Выбрать главу

«Угрюм-река», как многоводный Байкал, вобрала в себя тысячи речек и ручейков, представлявших самые различные стороны жизни того времени, которому книга посвящалась. Совершенно несправедливы утверждения некоторых критиков о том, что «Угрюм-река» — это произведение только о Сибири. Думается, что география в подлинном художественном произведении — это одна лишь составная часть изображаемого, и одна она никогда не может заменить главного — изображения людей, выражающих типические черты своего общества.
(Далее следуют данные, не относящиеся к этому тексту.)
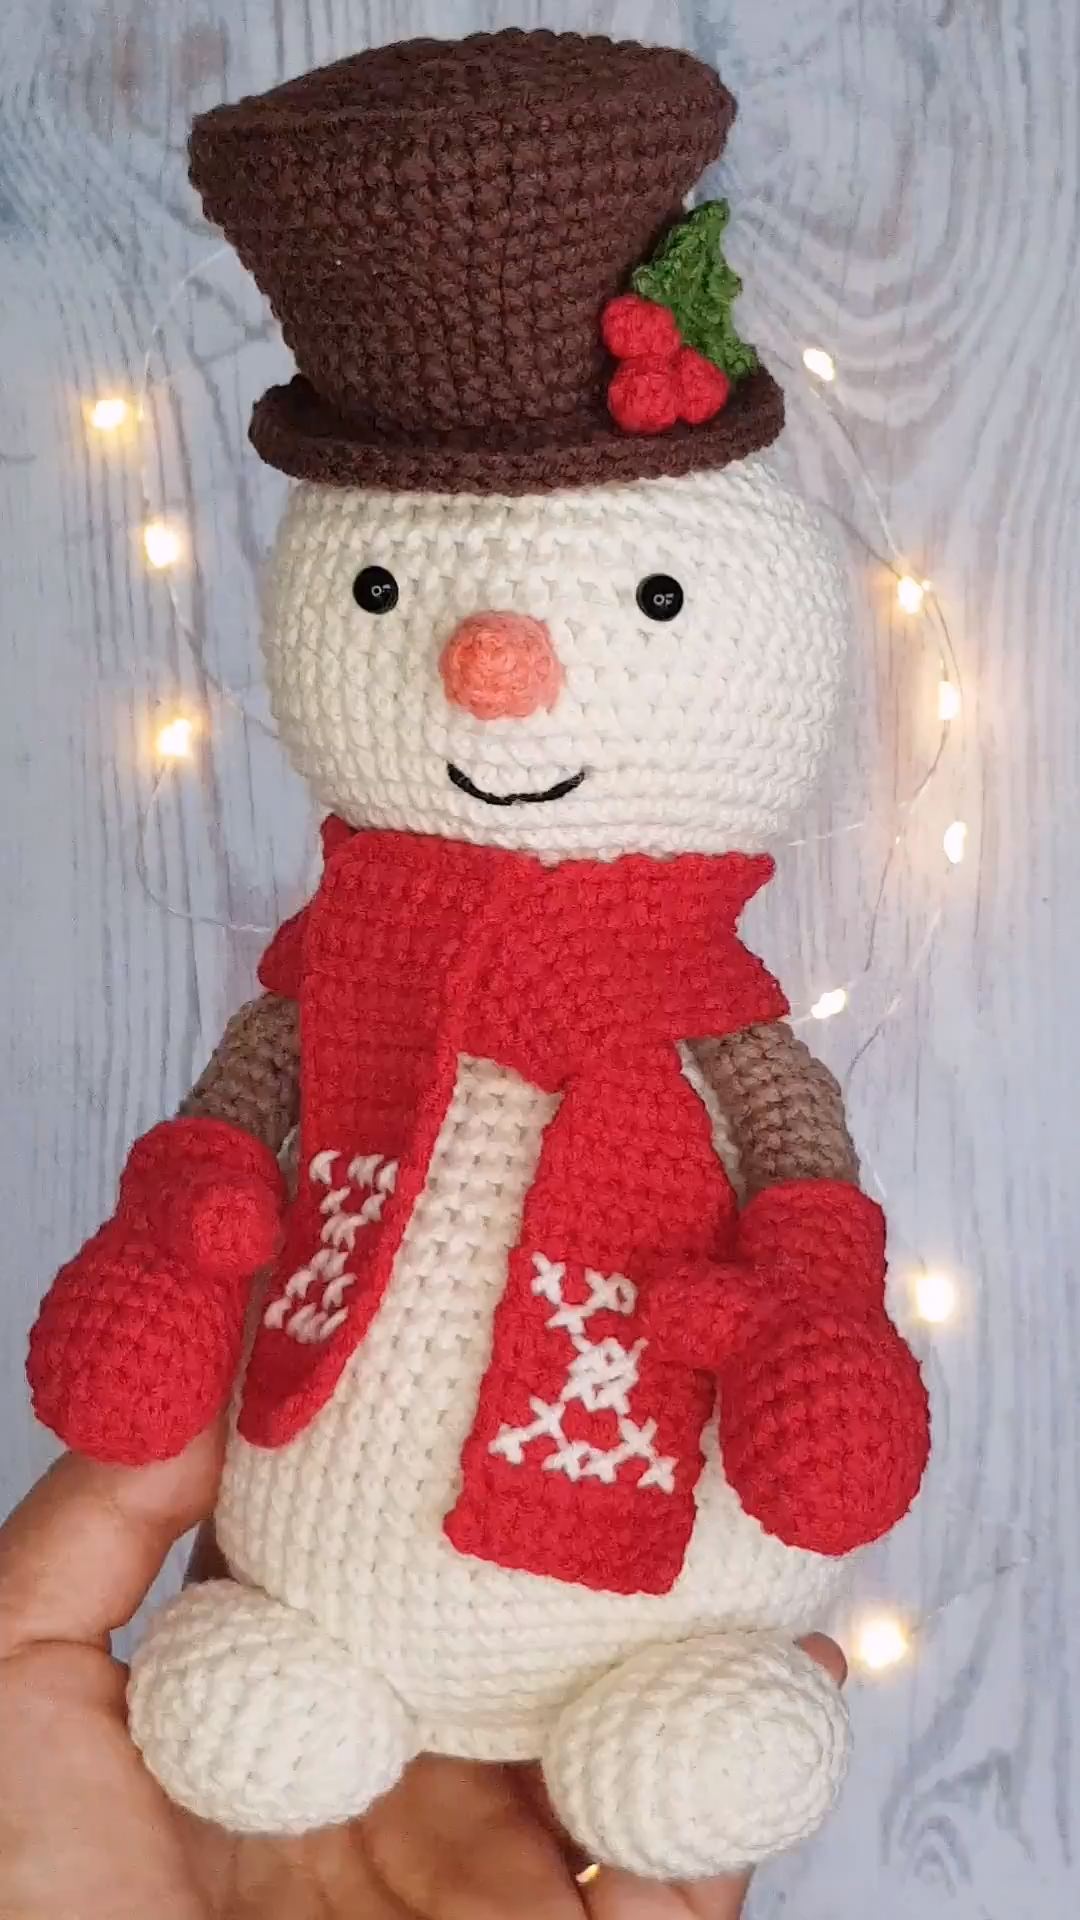 CHRISTMAS CROCHET COLLECTION Snowman crochet pattern  Santa crochet pattern Coaster crochet pattern Reindeer crochet pattern  Crown pattern

«Угрюм-река» — это роман о России сложнейшего исторического периода — периода созревания у нас социальной революции и ее разворота. Верно лишь то, что роман этот создан в значительной своей мере на материале Сибири, в условиях которой классовая борьба, развертываясь по общим законам, имела свое некоторое специфическое своеобразие.

Бесконечно прав К. А. Федин, сказавший 28 марта 1950 года на вечере, посвященном памяти В. Я. Шишкова, что «„Угрюм-река“ классическое произведение русской литературы. Такие книги составляют гордость нашей художественной литературы».

Влюбленный в творчество Вячеслава Яковлевича, я с напряженным интересом и — не скрою — тревогой ждал, что скажет этот замечательный художник, дальше. Годы его были уже не молодые. Из истории литературы мне было известно, что некоторые писатели, приближаясь к старости, утрачивали свою творческую активность, меньше писали, а если писали, то зачастую значительно слабее, чем прежде.

И вот я узнал, что Вячеслав Яковлевич работает над историческим повествованием «Емельян Пугачев». Моя первая реакция на это сообщение была неблагоприятной по отношению к писателю. Думалось с чувством сожаления: «Ну, зачем он, право, взялся за эту тему?! Такой талантище! Ему бы поднимать глыбы современности, живописать нашу жизнь, наших людей, а он уходит в историю… Да ведь и написано об этом немало!»

Прошло после этого много времени. Новый роман не появлялся. Перечитывая или же просто листая шишковские томики, невольно задерживался я на одной и той же тревожной, удручавшей самочувствие мысли: «Где же он, этот новый роман об Емельяне Пугачеве? Неужели провал? Неужели оскудел талант писателя?»

Никогда не забуду о своей первой встрече с «Емельяном Пугачевым» Шишкова. Произошло это неожиданно и в несколько необычных условиях.

В 1938 году я много ездил по районам Причулымья, собирая материал для второй книги своего романа «Строговы». Я был захвачен работой над продолжением романа и возвращался с интересным материалом.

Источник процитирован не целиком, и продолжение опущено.